TASK INSTRUCTIONS
All of the listing is to be written out word for word, with the pictures left out.

RECORDED DATA
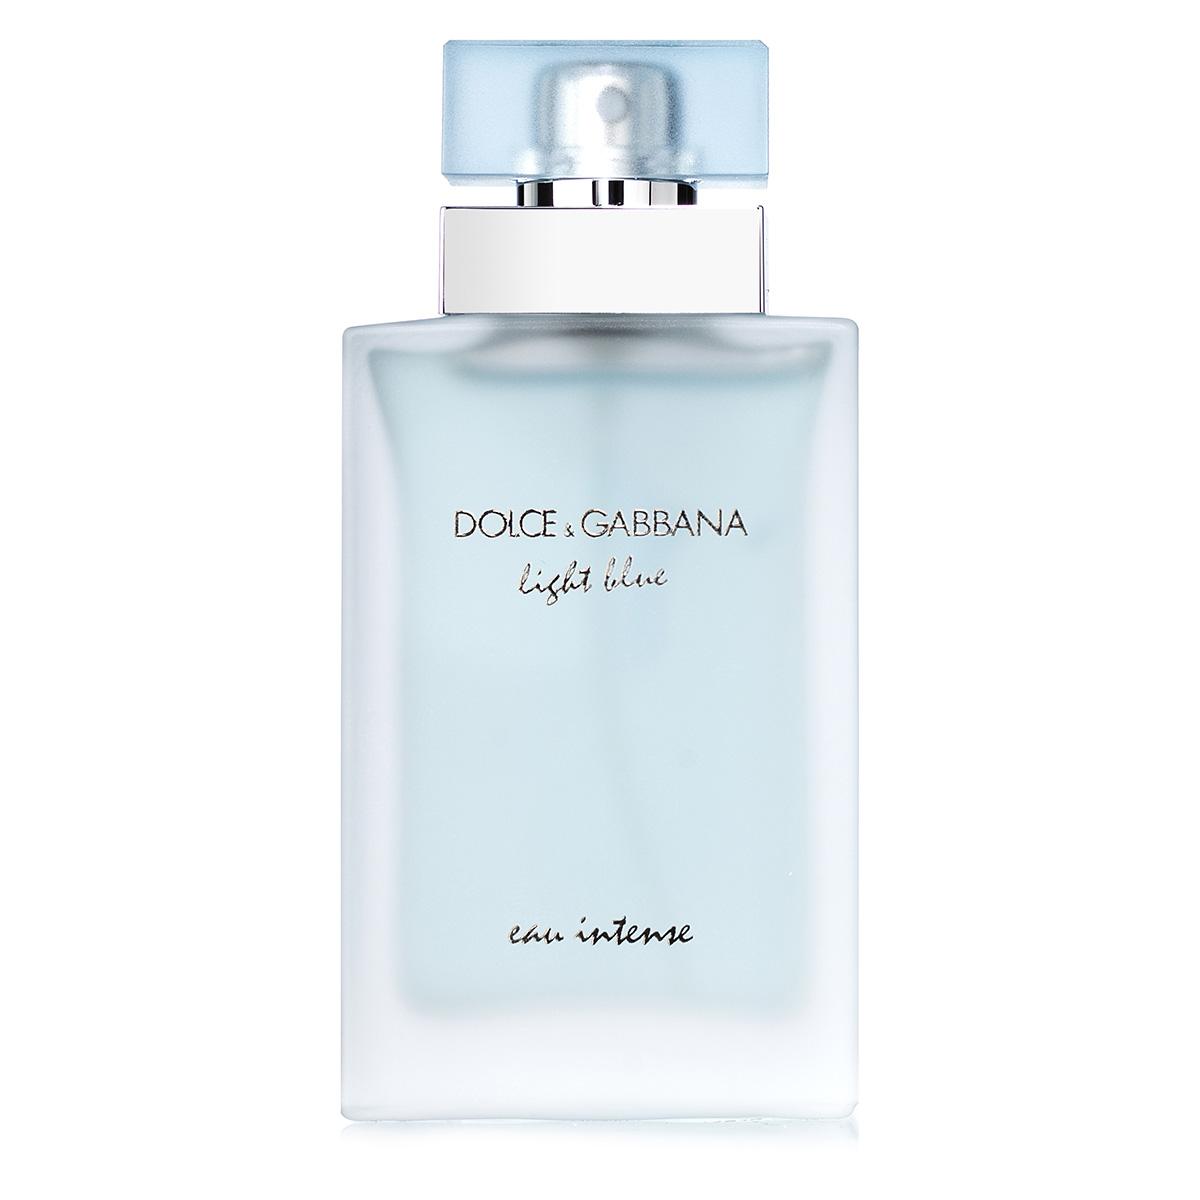 Dolce & Gabbana Light Blue Eau Intense Pour Femme EdP - 25 ml
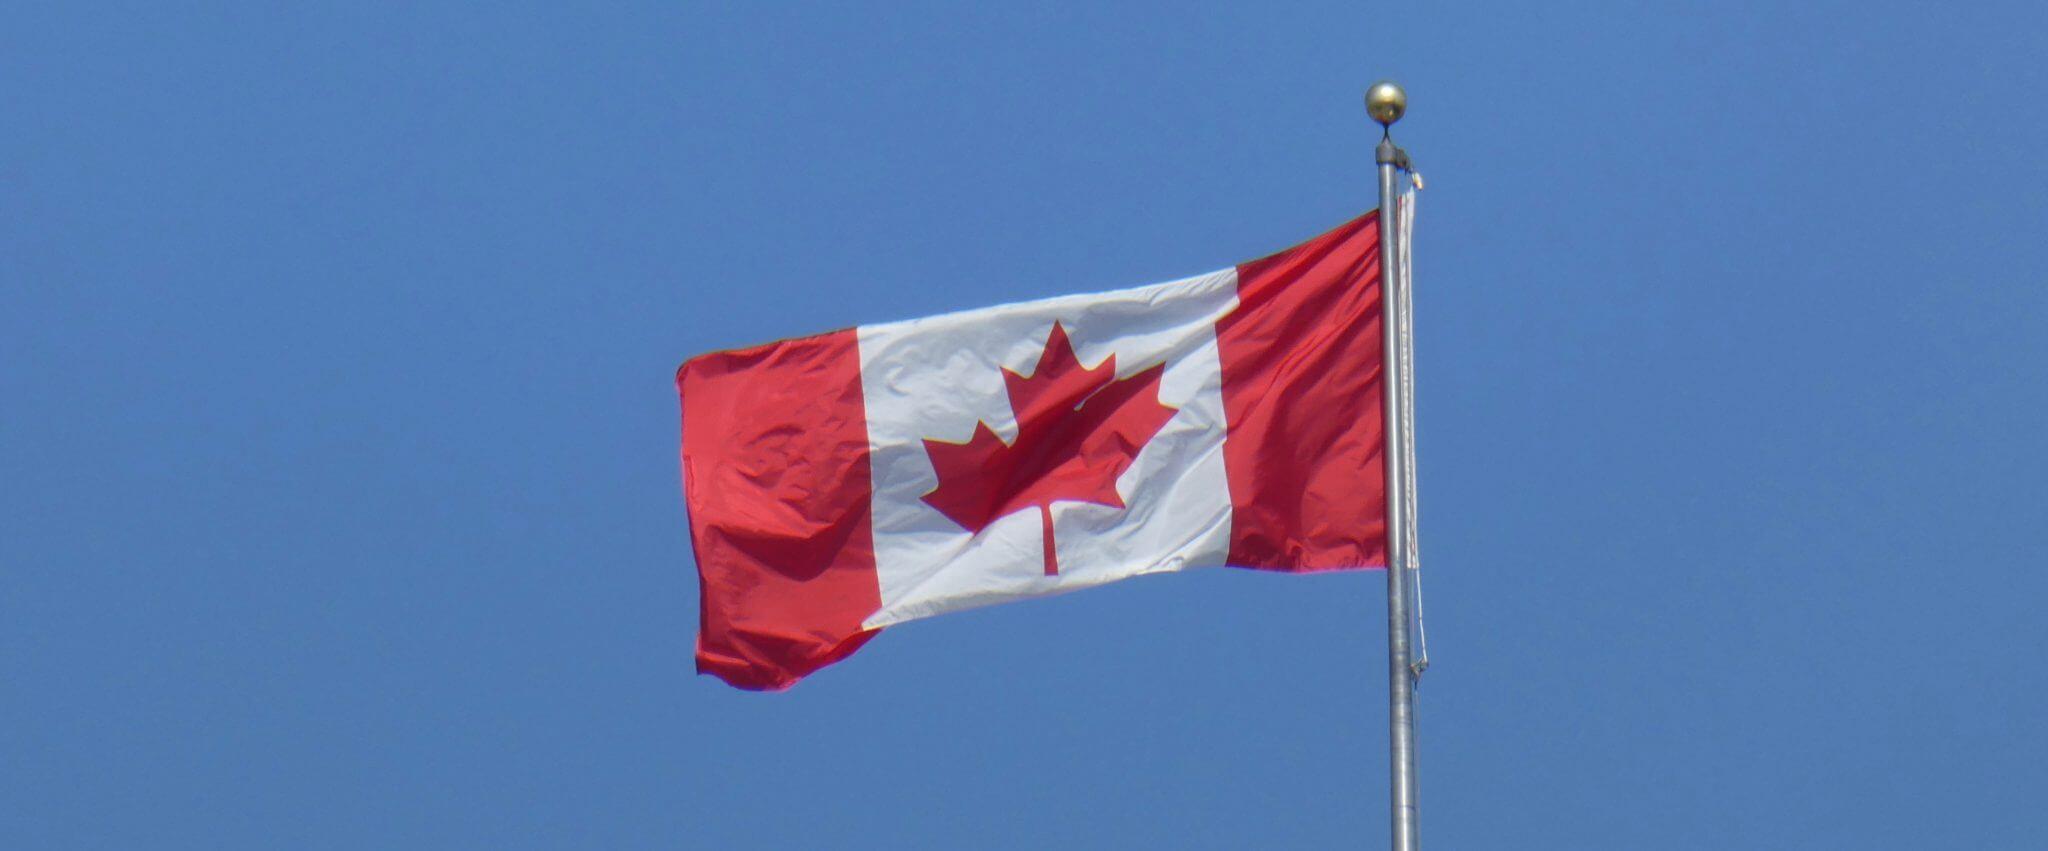 Envie de vivre au Canada
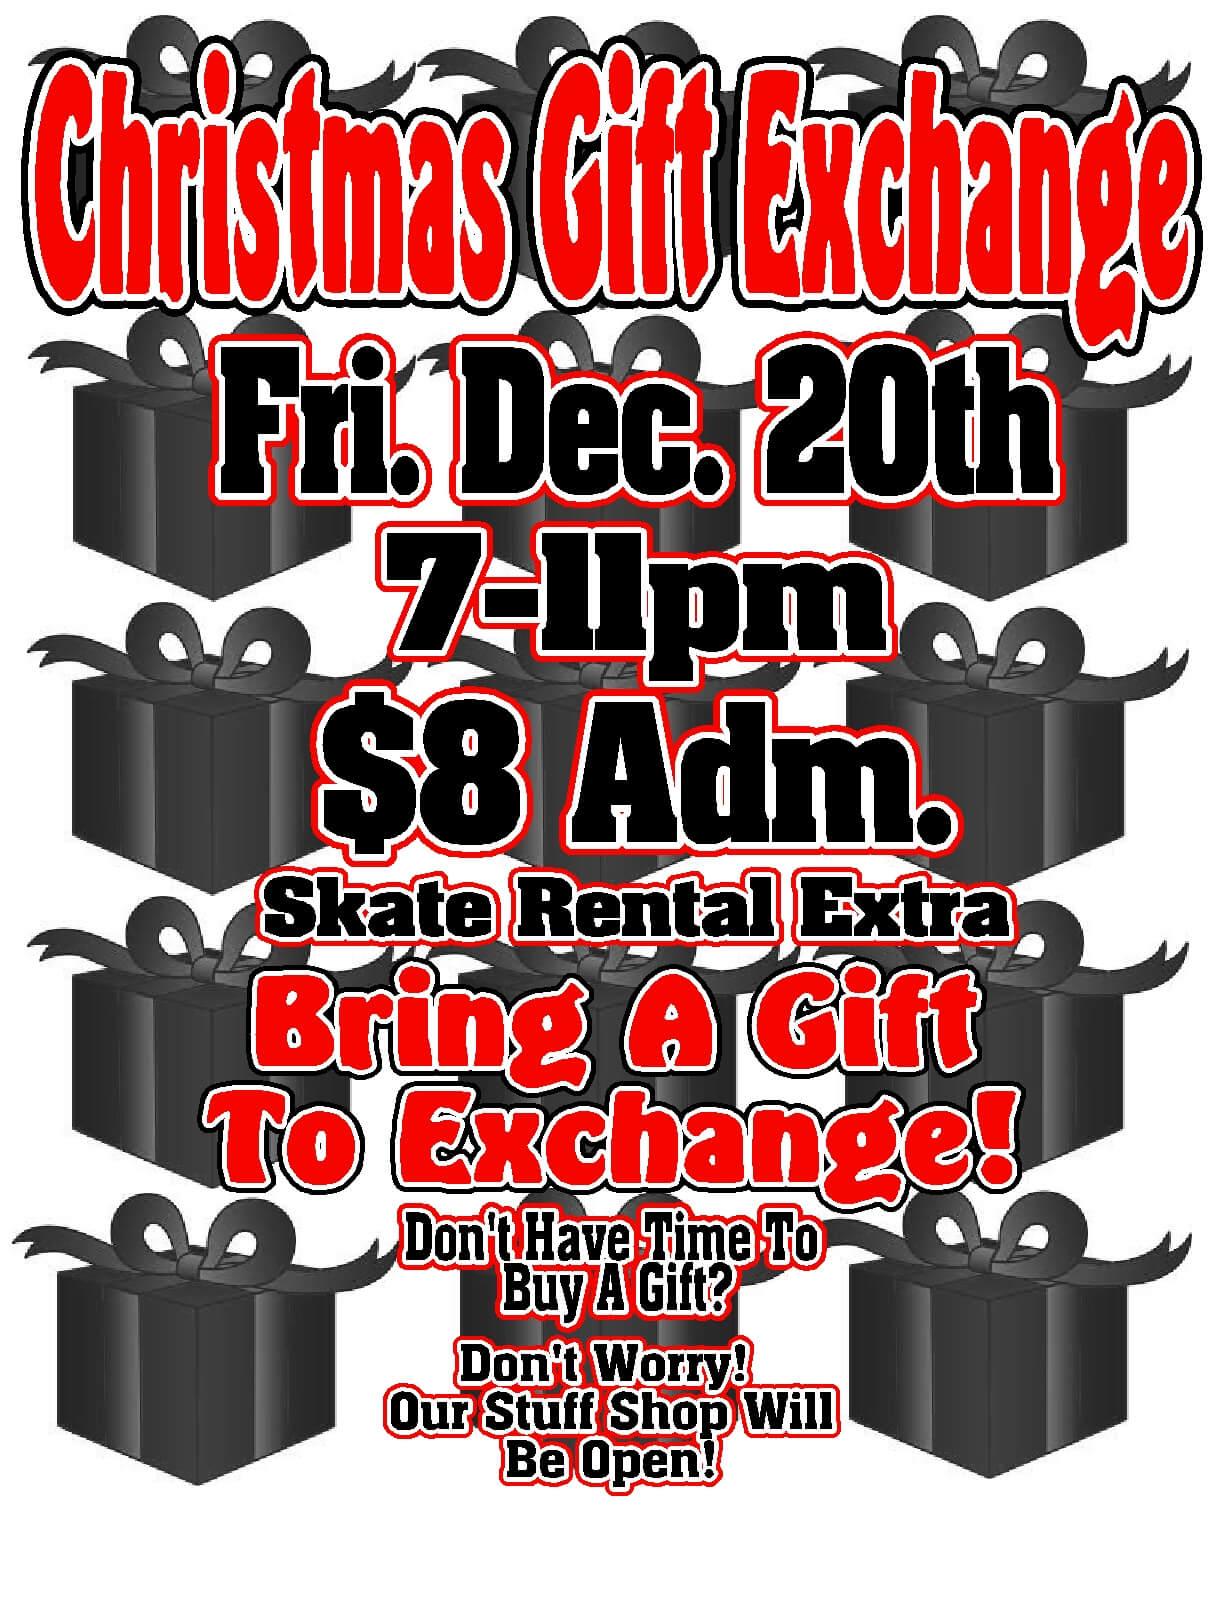 Christmas gift exchange Dec 2013
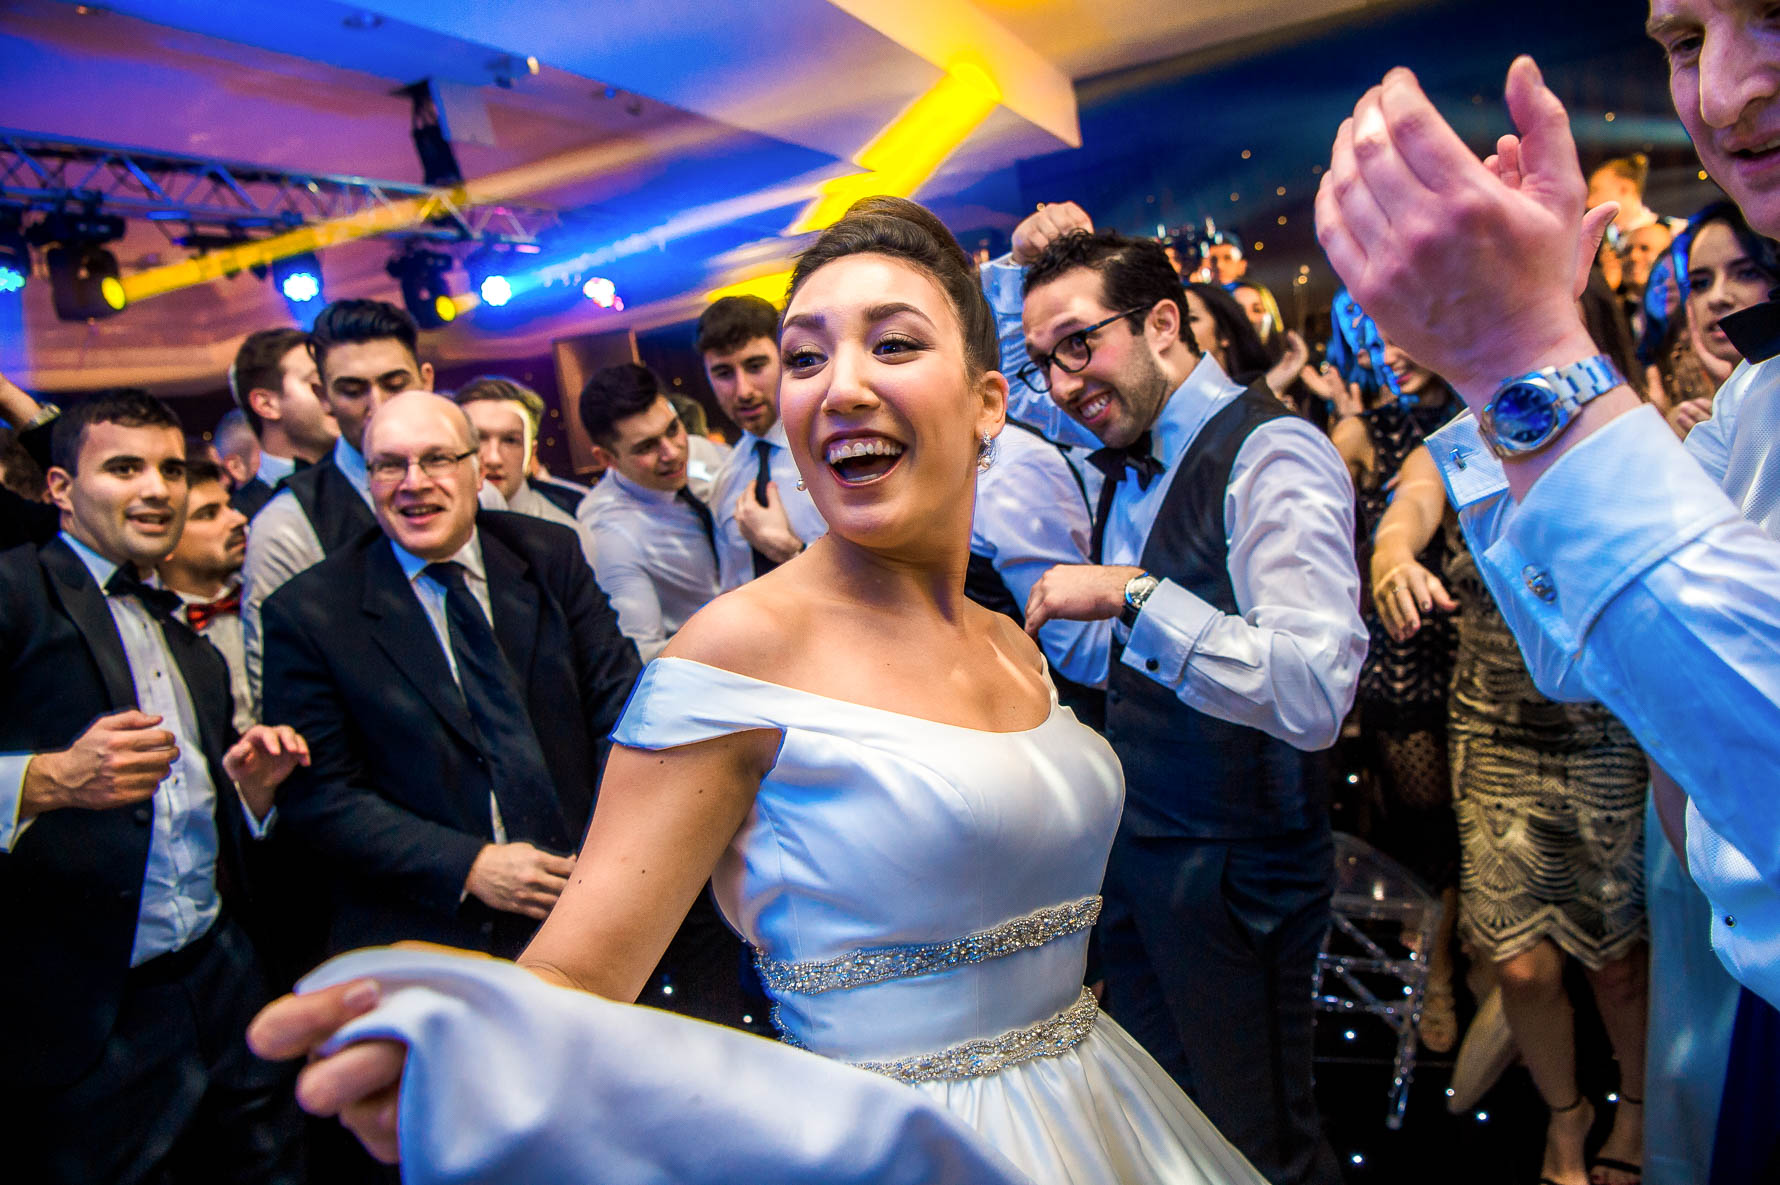 Gilev wedding party manchester

SOLUTION TO THIS EXERCISE
 Dolce & Gabbana Light Blue Eau Intense Pour Femme EdP - 25 ml
 Envie de vivre au Canada
 Christmas gift exchange Dec 2013
 Gilev wedding party manchester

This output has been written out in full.